Initially I used blockIdx.x in my code but I want to remove that and instead have a global value and use that in my block instead of blockidx.x. Since my code is too large and it hangs when I run it with large input sizes I thought think can help. I increment the counter atomically but when I run the code it hangs. Can anyone take a look at my code and see if I'm doing something wrong?

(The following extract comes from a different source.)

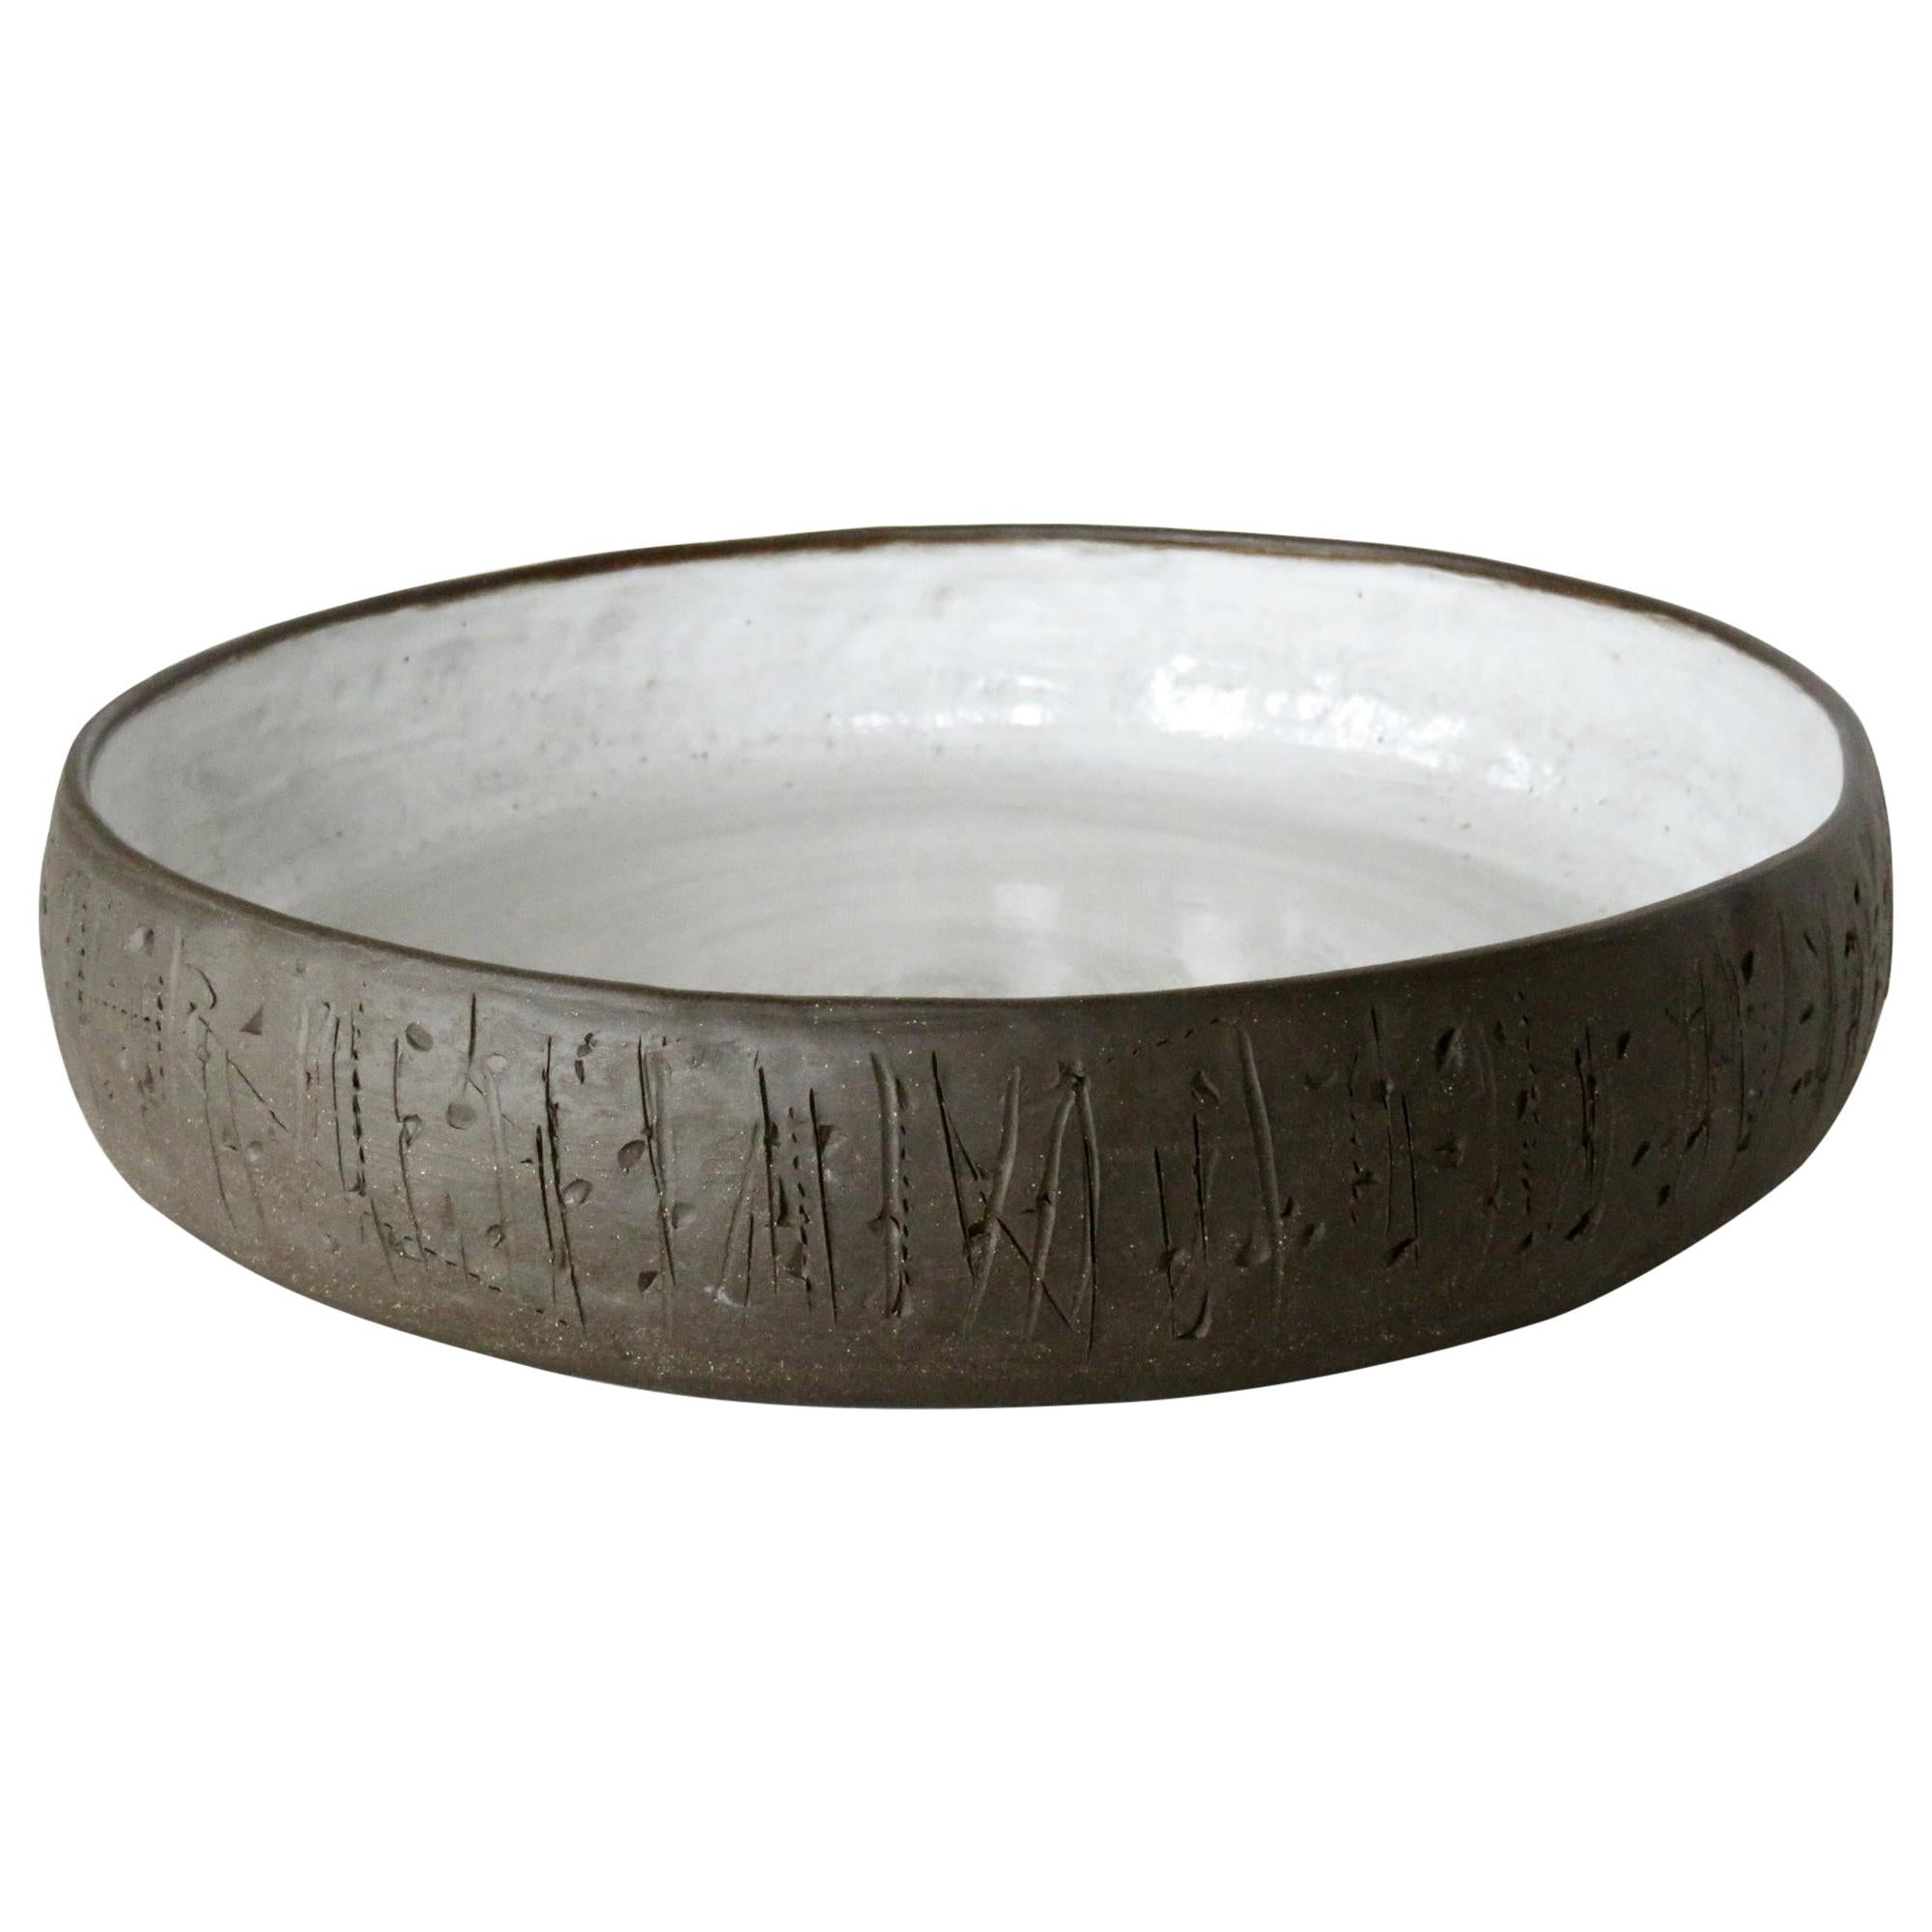 Carved Ceramic Serving Bowl, Dark Brown Clay, White Glaze Interior, Handbuilt

__device__ int counter = 0;

__global__ void kernel(int * ginput, int * goutput)
{
  const int tid = threadIdx.x;
  const int id = threadIdx.x + blockIdx.x * blockDim.x;
  in myval = ginput[id];  

  if (tid == 0) {
    atomicAdd(&counter, 1);
  }

  __syncthreads();
  if (counter == 0) {
    goutput[tid] = ...;
  }
  if (counter > 0) {
   ...
  }

}

If I use blockIdx.x instead of counter in my code it works but I just want to replace it with the counter


Solution

  • If you want the counter to replace your usage of blockIdx.x (i.e. you want each block to have a unique value that it reads from counter), then something like this should work:

    __device__ int counter = 0;
    
    __global__ void kernel(int * ginput, int * goutput)
    {
      const int tid = threadIdx.x;
      const int id = threadIdx.x + blockIdx.x * blockDim.x;
      __shared__ int my_block_id;
    
    
      if (tid == 0) {
        my_block_id = atomicAdd(&counter, 1);
      }
    
      __syncthreads();
      if (my_block_id == 0) {
        goutput[tid] = ...;
      }
      if (my_block_id > 0) {
       ...
      }
    
    }
    

    Your method is going to be troublesome, because if you do something like this:

    if (counter > 5) ....
    

    you are potentially reading a new updated value of counter from global memory, and any number of blocks may have updated that value, so the behavior will be unpredictable.